[Pdns-users] CPU consumption of pdns_recursor
Otto Moerbeek
otto at drijf.net
Tue Apr 6 06:35:59 UTC 2021
On Mon, Apr 05, 2021 at 05:30:11PM +0000, Nejedlo, Mark via Pdns-users wrote:
Some thoughts:
2 distributior thread feels a bit overkill, 1 distributor thread
should be able to feed 8 workers. Did you do measurements to come to
this value?
Your maintenance function looks like it could run for a while if
timeouts happen.
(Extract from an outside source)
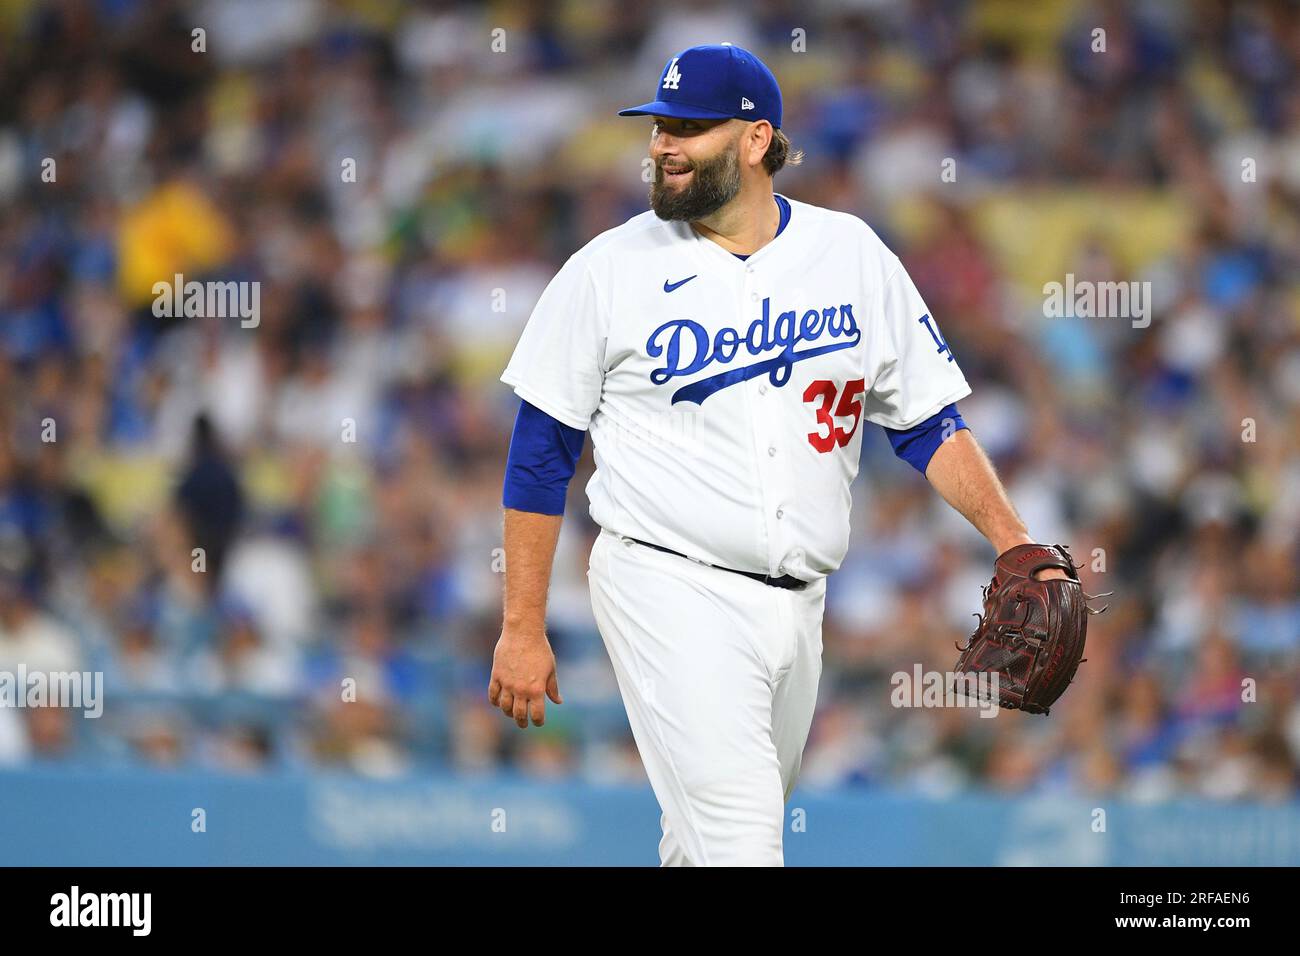 LOS ANGELES, CA - AUGUST 01: Los Angeles Dodgers pitcher Lance

I don't know how bad that would be from the top of
my head, but it could have an impact.
Your packet cache hit ratio is extremenly low. Are you running dnsdist
with a packetcache in front of this recursor? Or can you explain it
from the type of queries you are getting?
no-packet-error is very high. That could have something to do the
first point, but I'm not certain about that; maybe somebody else on
this list can shed a light on what could cause that.
-Otto
If you are setting up a lab env, I certainly would try to use 4.4 or
4.5 (which is in beta) they both contain performance improvememnts.
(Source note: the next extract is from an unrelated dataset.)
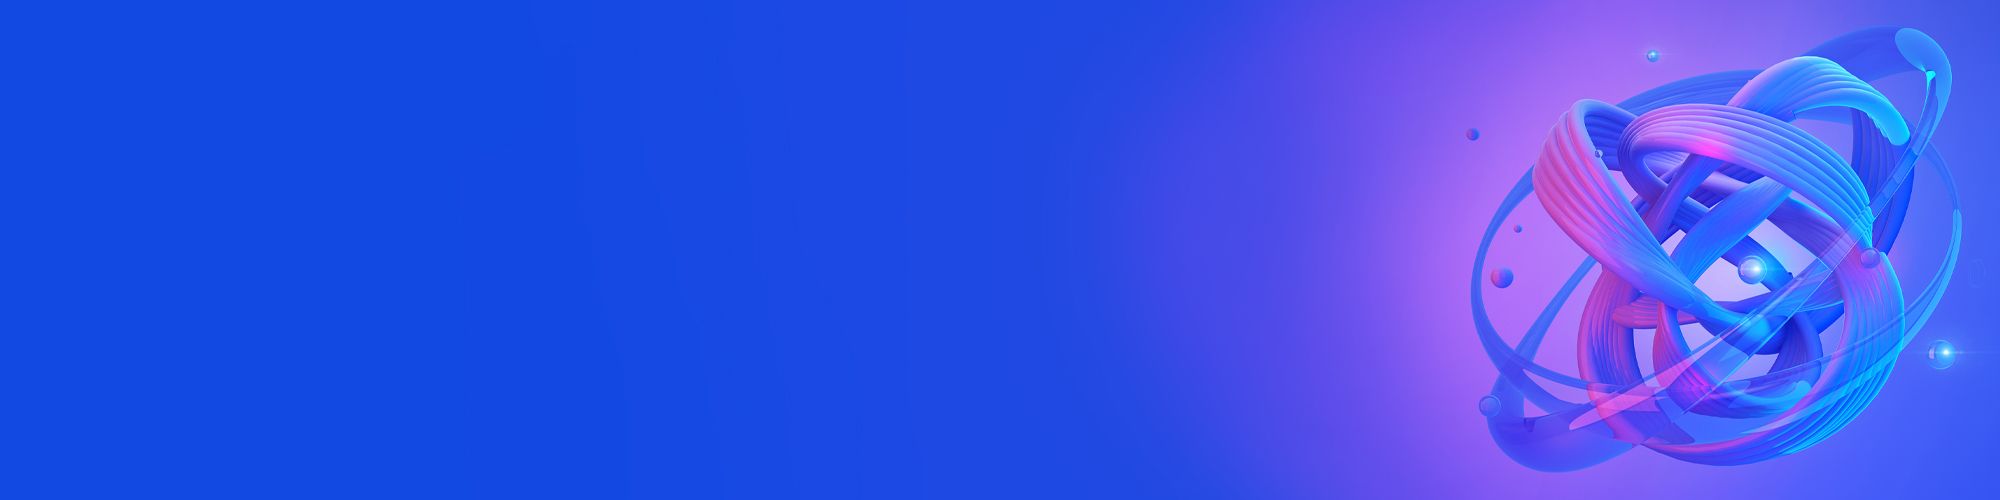 blue-purple-circular-vortex-abstract-banner

> On Monday, April 5, 2021 10:05 AM, Otto Moerbeek Wrote:
> > On Mon, Apr 05, 2021 at 02:40:17PM +0000, Nejedlo, Mark via Pdns-users
> > wrote:
> >
> > > We recently replaced some Bind servers with PowerDNS recursor, and
> > > were rather surprised to see CPU usage essentially double for the same
> > > workload. My expectation was that the load would be more or less
> > > equivalent between the two resolvers. It looks like the load is
> > > centered in the actual pdns_recursor worker threads, not the distributor
> > > threads or dnsdist. Is it expected that CPU usage would be so much
> > > higher under PowerDNS? Is there a debug parameter that can be set to
> > > see where PowerDNS is spending its time?
> > >
> > > I've already gone through the performance guide and don't see any
> > > additional tuning parameters that might help. We're using LUA, but 1)
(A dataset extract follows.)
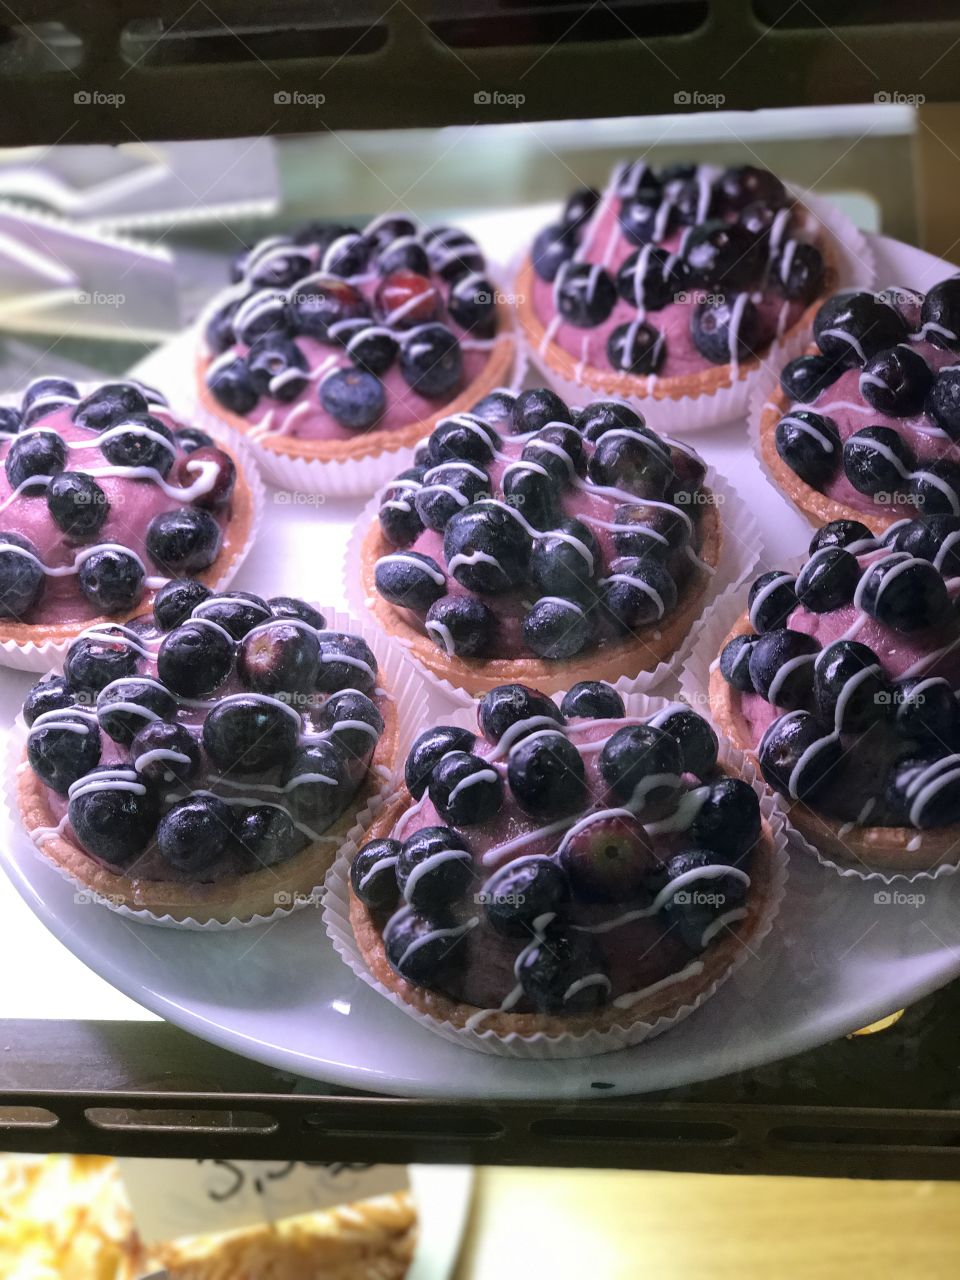 Blueberry torte Finland style

> > > it's pretty lightweight (a couple hash lookups and modify dq object),
> > > and 2) when I disabled the LUA scripting for testing, it didn't make a
> > > noticeable difference in the load.
> >
> > Impossible to say anything without any info about hardware, os, config
> > and metrics.
>
> Hardware is a VMware guest on ESXi, 12 cores, 4GB RAM (no apparent RAM pressure). OS is Red Hat Enterprise 7. Running recursor 4.3.5, via the official PowerDNS centos 7 RPM.
>
> Config Files
> ------------
>
> /etc/pdns-recursor/recursor.conf:
> --------------------
> setgid=pdns-recursor
> setuid=pdns-recursor
> version-string=anonymous
> threads=8
> pdns-distributes-queries=yes
> distributor-threads=2
> distribution-load-factor=1.25
> query-local-address=64.50.242.202
> query-local-address6=2600:3404:200:1:250:56ff:feae:df16
>
> use-incoming-edns-subnet=true
> xpf-rr-code=65280
> xpf-allow-from=127.0.0.1, ::1
> edns-subnet-whitelist=tds.net,tdstelecom.com
> local-port=5353
> local-address=127.0.0.1,::1
> forward-zones-file=/etc/pdns-recursor/forward.zones
> lua-dns-script=/etc/pdns-recursor/recursor-script.lua
> --------------------
>
>
> /etc/pdns-recursor/recursor-script.lua
> --------------------
> -- load business opt out list once on lua startup/reload
> nxd_business_opt_out = newNMG()
> nxd_boo_f = assert(io.open('/etc/pdns-recursor/NXD_BusinessOptOut.txt', 'r'))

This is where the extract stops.